Según explica Rosa, el problema es que "hay una valla cercando la acera y estrechando la calle al mismo tiempo que la maquinaria trabaja en las obras, que a veces tienen que cortar el tráfico". Además, San Jacinto es una vía muy comercial y continuamente hay camiones de carga y descarga que tienen que aparcar sobre la acera, poniendo las cosas aún más difíciles.
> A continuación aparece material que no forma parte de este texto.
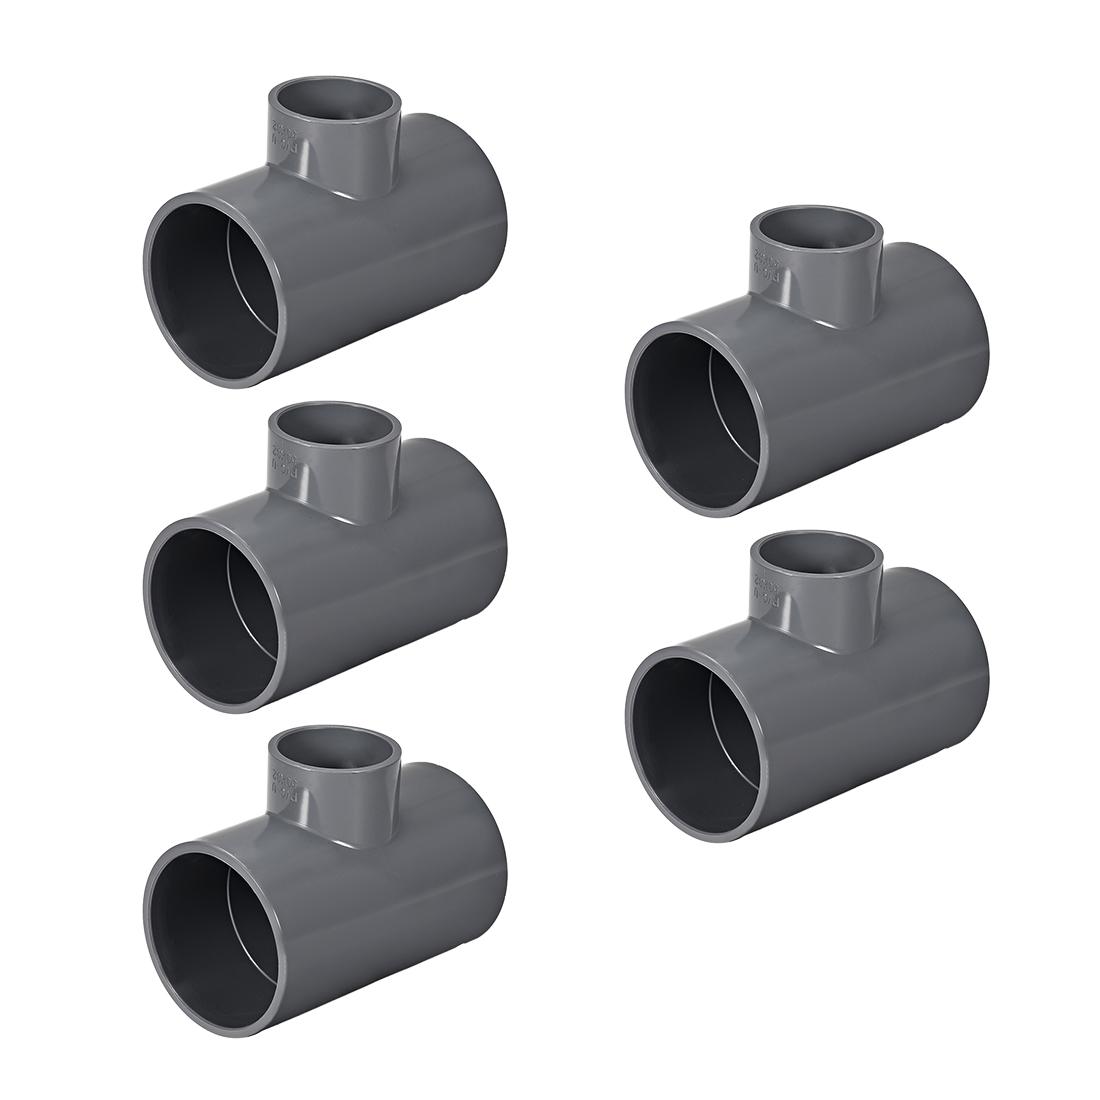 PVC Pipe Fitting Tee 401-Series Gray 2-inch X 1-1/4-inch Socket 5pcs

Y a eso se le añade, subraya Rosa, que los dos pasos de peatones que hay en el cruce, en Pagés del Corro, se ponen en verde al mismo tiempo que el semáforo de San Jacinto permite el paso a los vehículos, "por lo que los coches hacen el intento de ir a uno u otro lado pero no pueden, y ahí es cuando se forman los mayores atascos y todo el mundo comienza a pitar. Vamos, que hay que trabajar en la tienda con la puerta cerrada a cal y canto", lamenta.

Otro vecino, Ricardo Marín, denuncia "la desidia del Ayuntamiento". "Estos atascos -explica- son previsibles y debería haber policías ordenando el tráfico y no se ve un policía nunca".

Estas quejas por el ruido, el retraso de las obras y la falta de planificación se repiten en otras zonas de Sevilla, como en Eduardo Dato. José Galán volvió ayer al trabajo en una oficina en esa calle: "Aún seguía una acera vallada por las obras y no había manera de aparcar, y eso sin contar con los atascos que se producen". No muy lejos de ahí, en la calle Francisco de Ariño, que desemboca en Carretera de Carmona, Florencia Corona critica que "los coches quitan las vallas por la noche y aparcan dentro y por la mañana los operarios no pueden comenzar a trabajar".

En el centro, Ulrika Repo, una joven sueca que vive en Jesús del Gran Poder, lamenta la falta de planificación por parte del Ayuntamiento. "Coincidiendo con las obras, han quitado los contenedores de basura. Los vecinos tenemos que guardarla en casa hasta que un camión viene a recogerla a un punto determinado. El problema es que sólo pasa dos o tres días a la semana".